Plan to bridge capital shortfall

Tuesday, 25 September, 2001 - 22:00
WEST Perth wireless technology developer Cape Range Wireless has announced an issue of low-priced shares to make up for a $4.5 million capital shortfall after merging with US based Arcadian Wireless in July.

Cape Range expected $7.9 million from a non-renounceable rights issue but, according to Cape Range chairman Ron Wise, delays in the merger meant Cape Range was unable to offer shares to Arcadian shareholders. The issue raised only $3.4 million.

Under the cut-price issue, shareholders will now be offered shares at five cents each, with half payable on application and half in three months.

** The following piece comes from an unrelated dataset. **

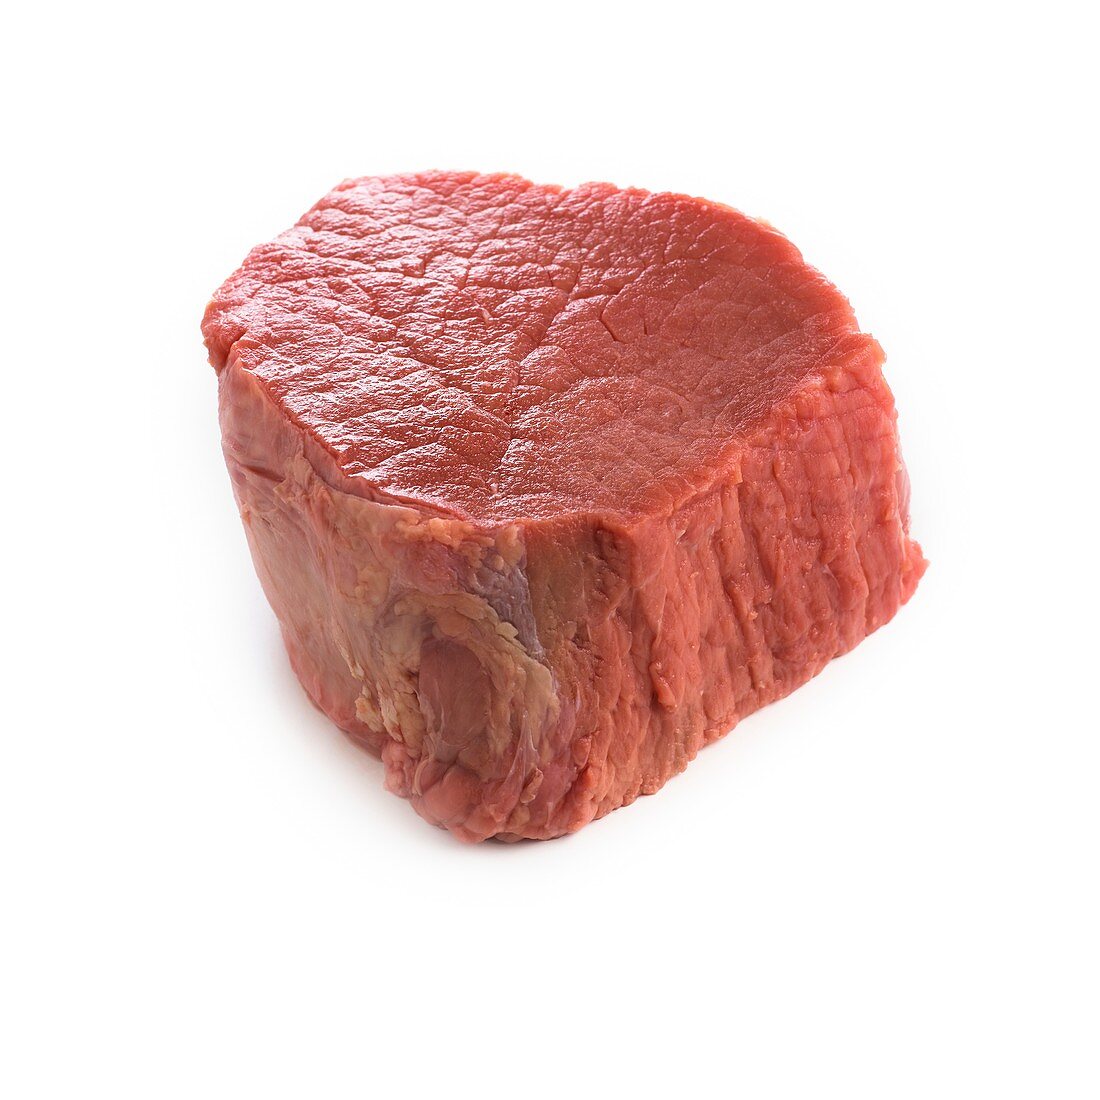 Red meat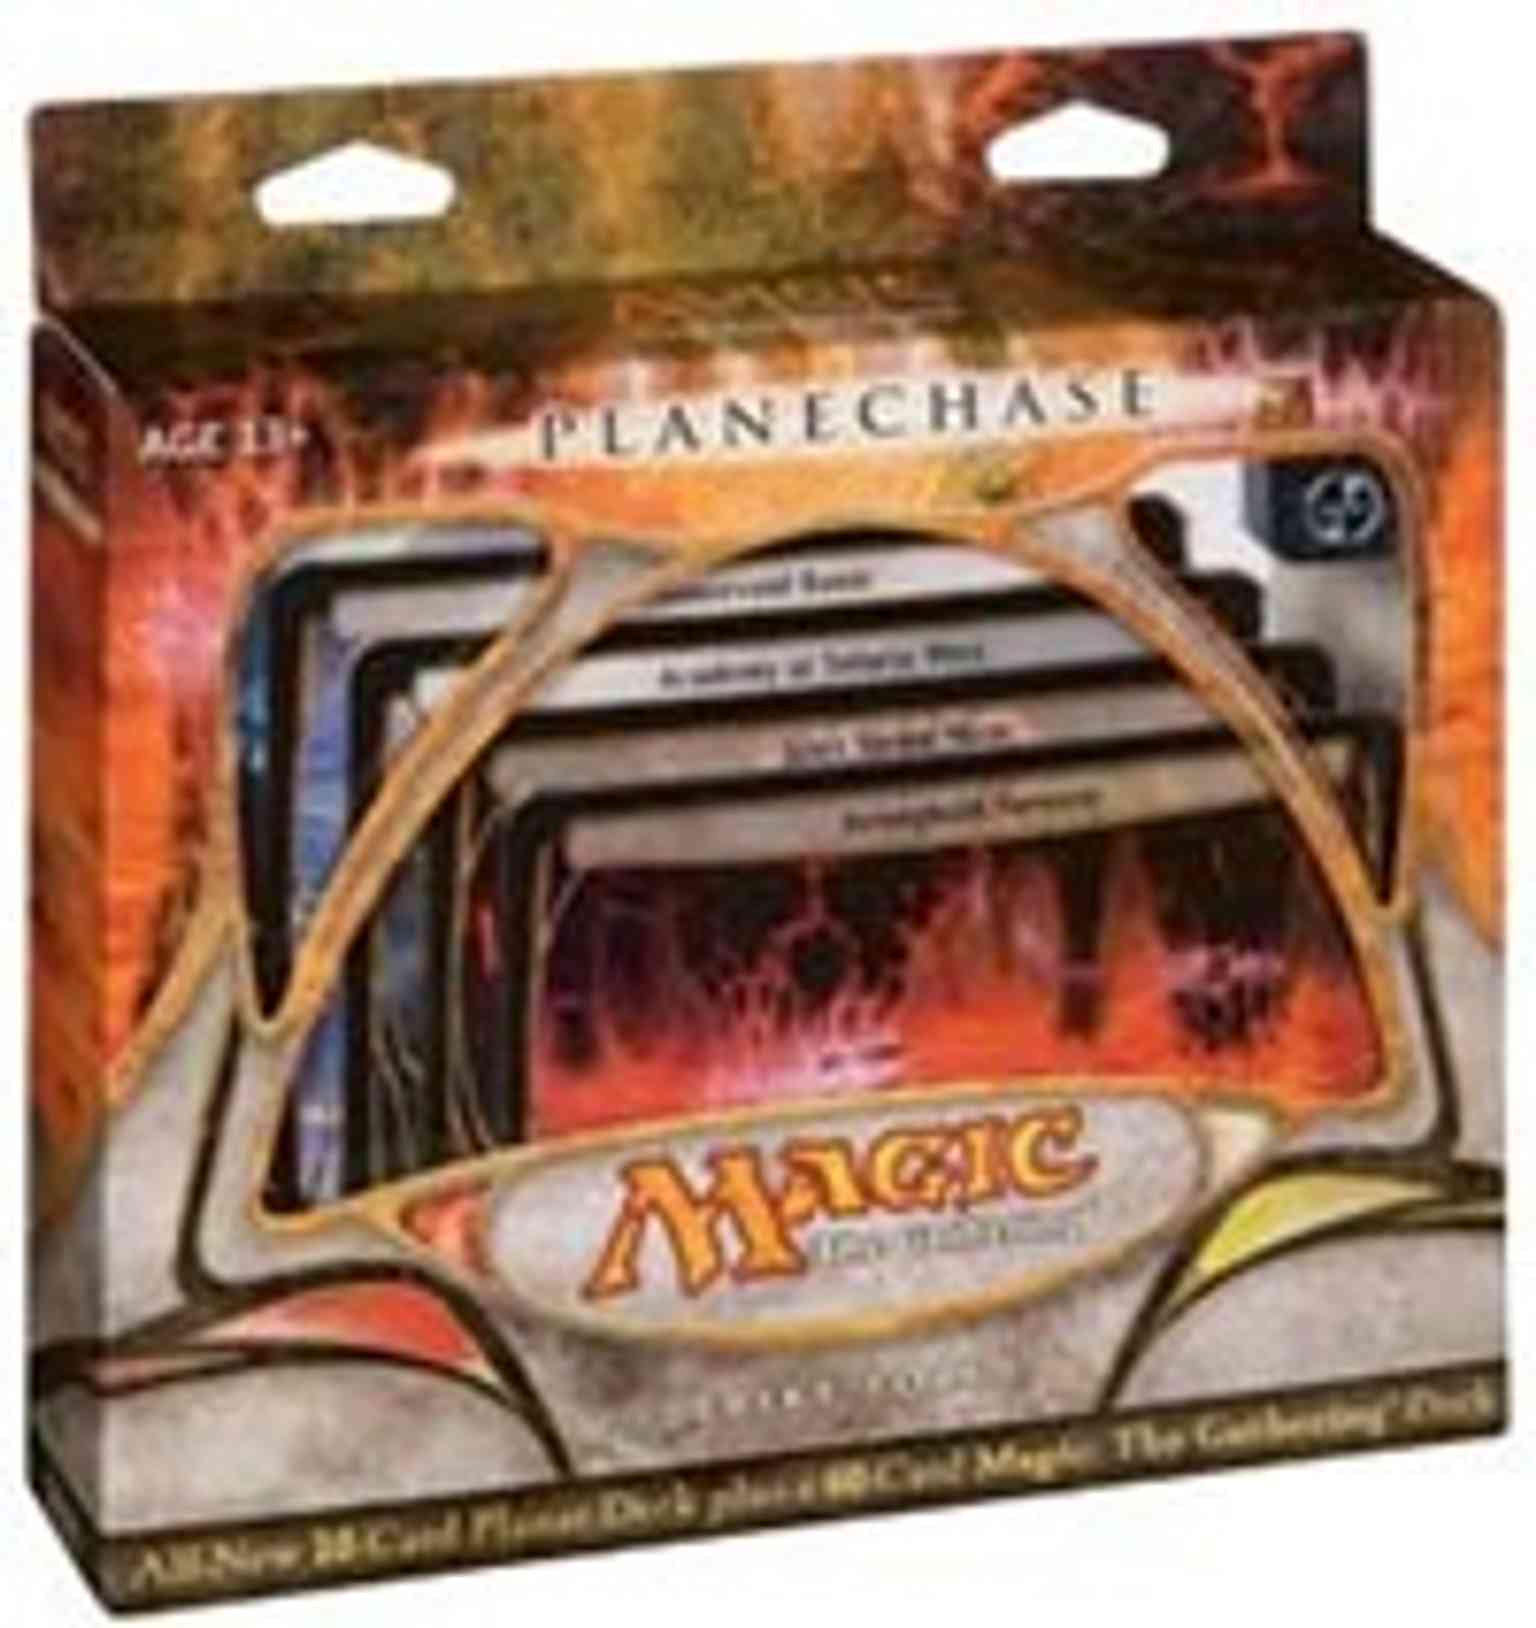 Planechase 2009 - Strike Force Deck magic card front

The company expects to raise $4 million initially.

Mr Wise said the current state of equity markets and the downturn in the technology sector meant there was little alternative.

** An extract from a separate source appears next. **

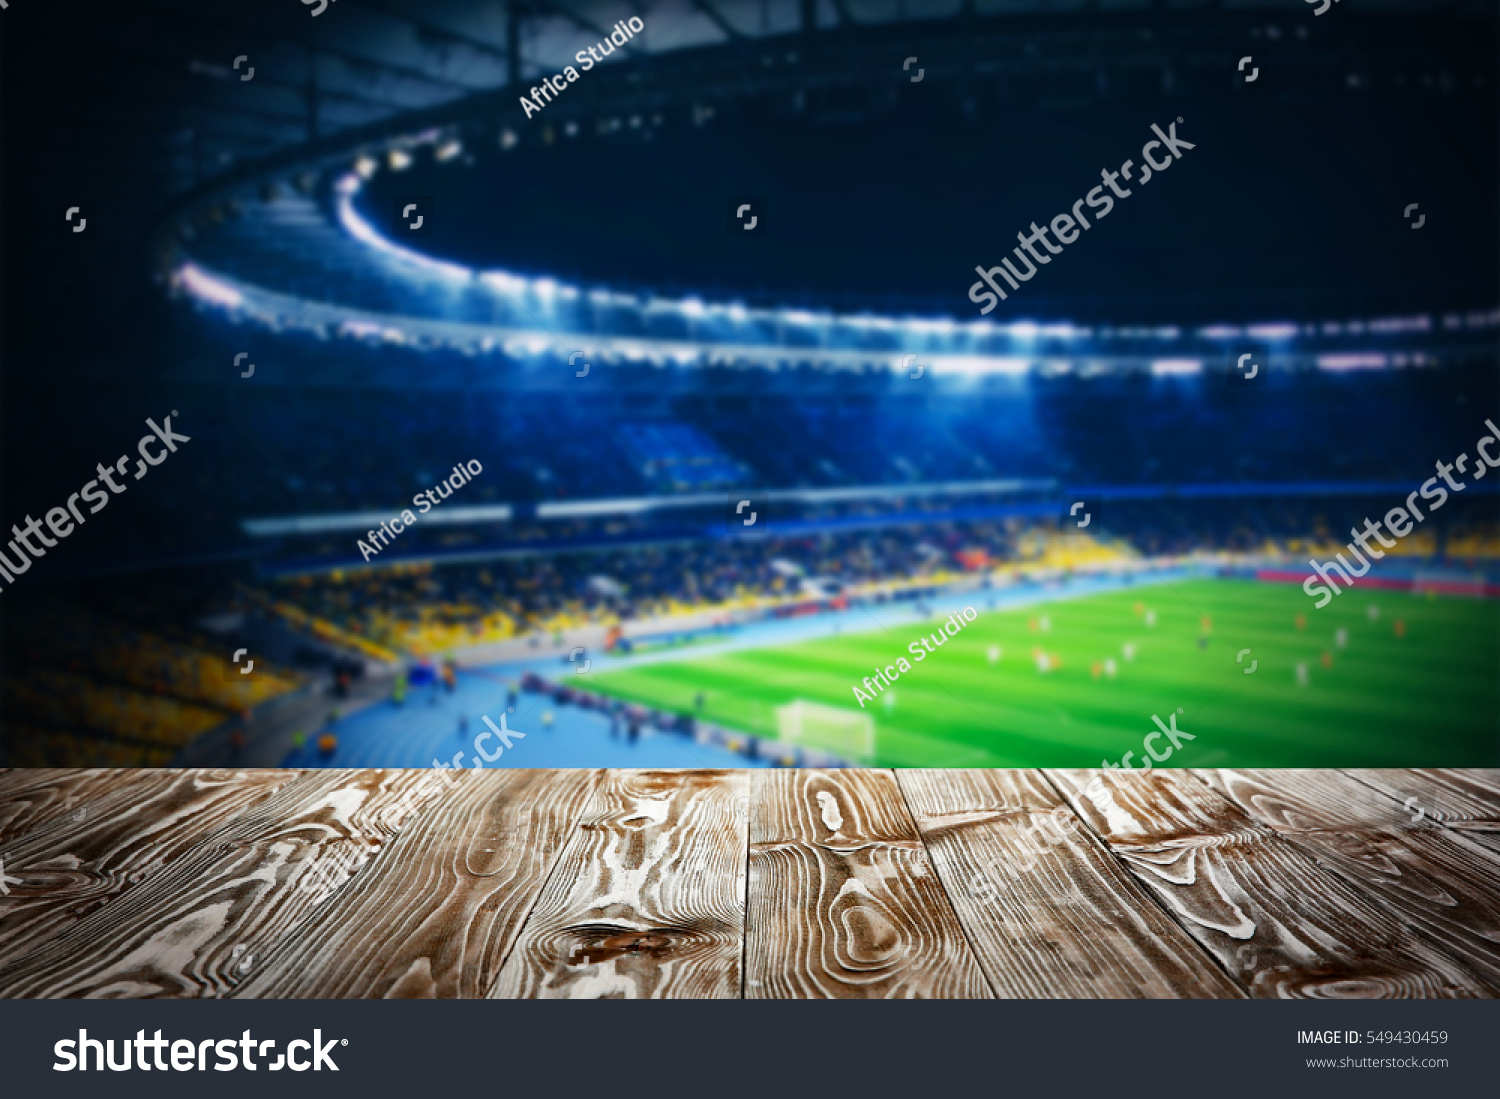 Wooden table against football stadium background #549430459

“The issue is structured so that shareholders only have to find half a cent per share they own to avoid dilution,” he said.

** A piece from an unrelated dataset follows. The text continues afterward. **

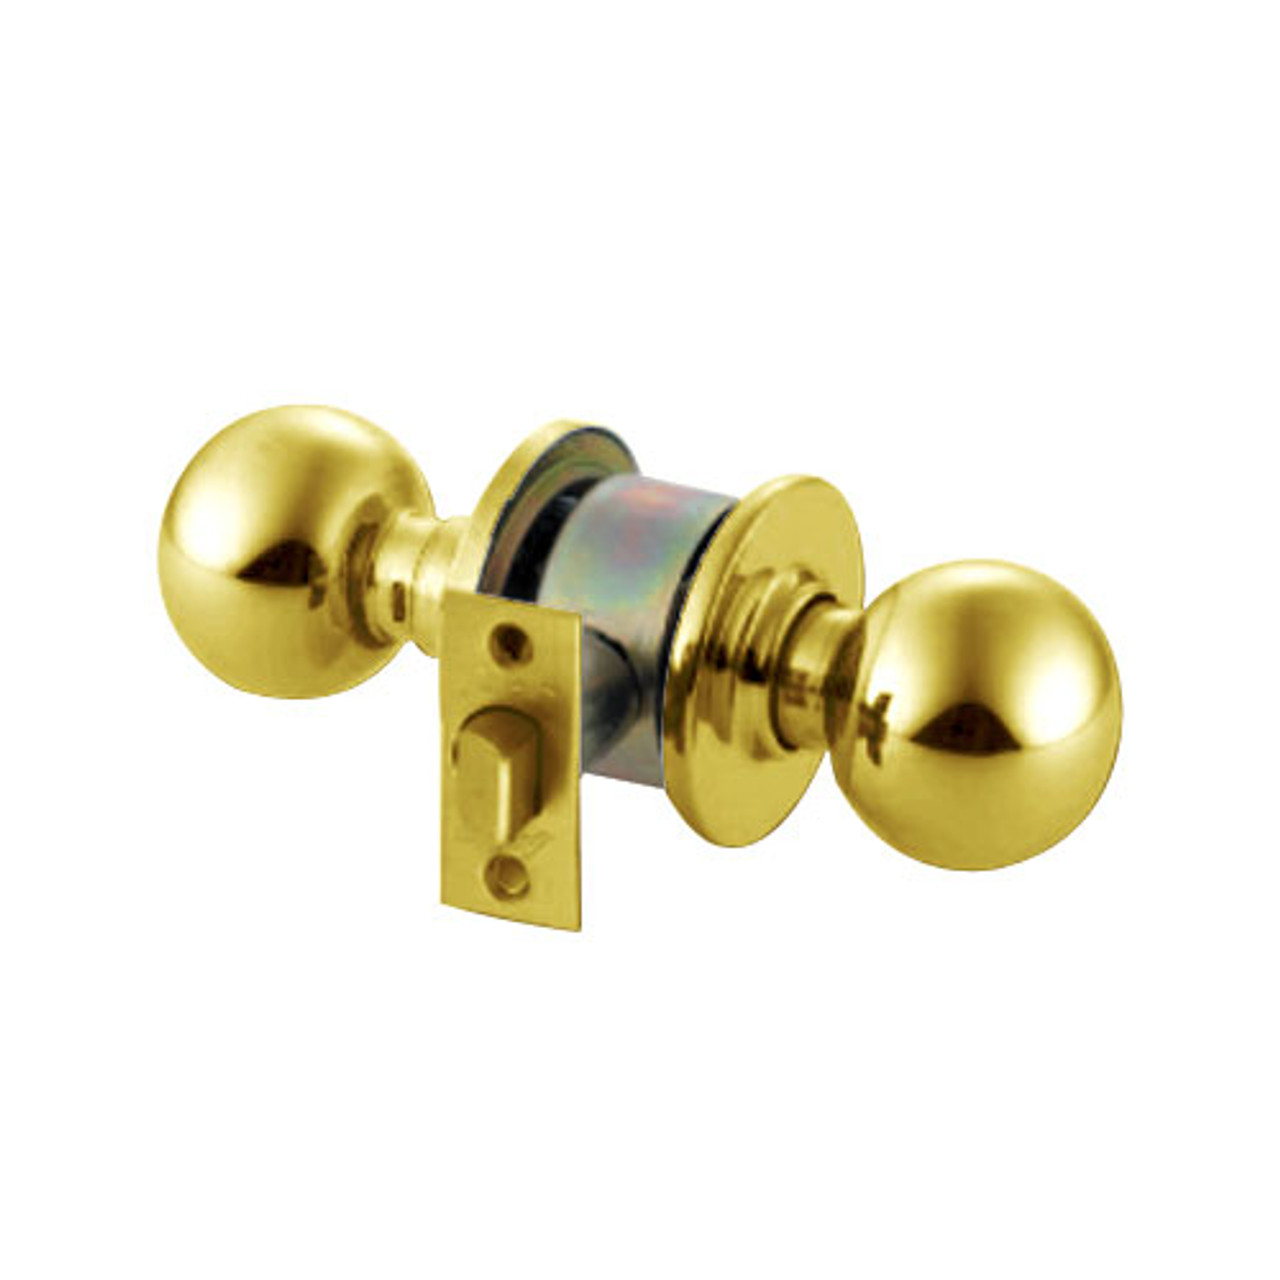 MK01-BD-05A Arrow Lock MK Series Non Keyed Cylindrical Locksets for Passage with BD Knob in Antique Brass Finish

“We’ve done it that way to make it attractive to small shareholders so they don’t suffer dilution while we enhance our commercial achievements.”

The company plans to use the funds to move from the rural to urban markets. Currently Cape Range’s Arcadian Wireless Local Loop products are being used in developing countries and remote locations to connect communities to existing telephone networks.

In regions where the terrain or economic circumstances make it unfeasible to install cables into communities, the Arcadian WLL connects users to public telephone lines via wireless radio technology.

Cape Range plans to implement its Spread Spectrum Wireless technology in suburban Perth later this year. Spread Spectrum will allow residential users to access voice, fax and data facilities from a single wireless channel.

Mr Wise said wireless signals in busy urban centres were prone to interference. But recent Spread Spectrum trials in Kuala Lumpur and Perth and recorded little interference from other wireless signals, he said.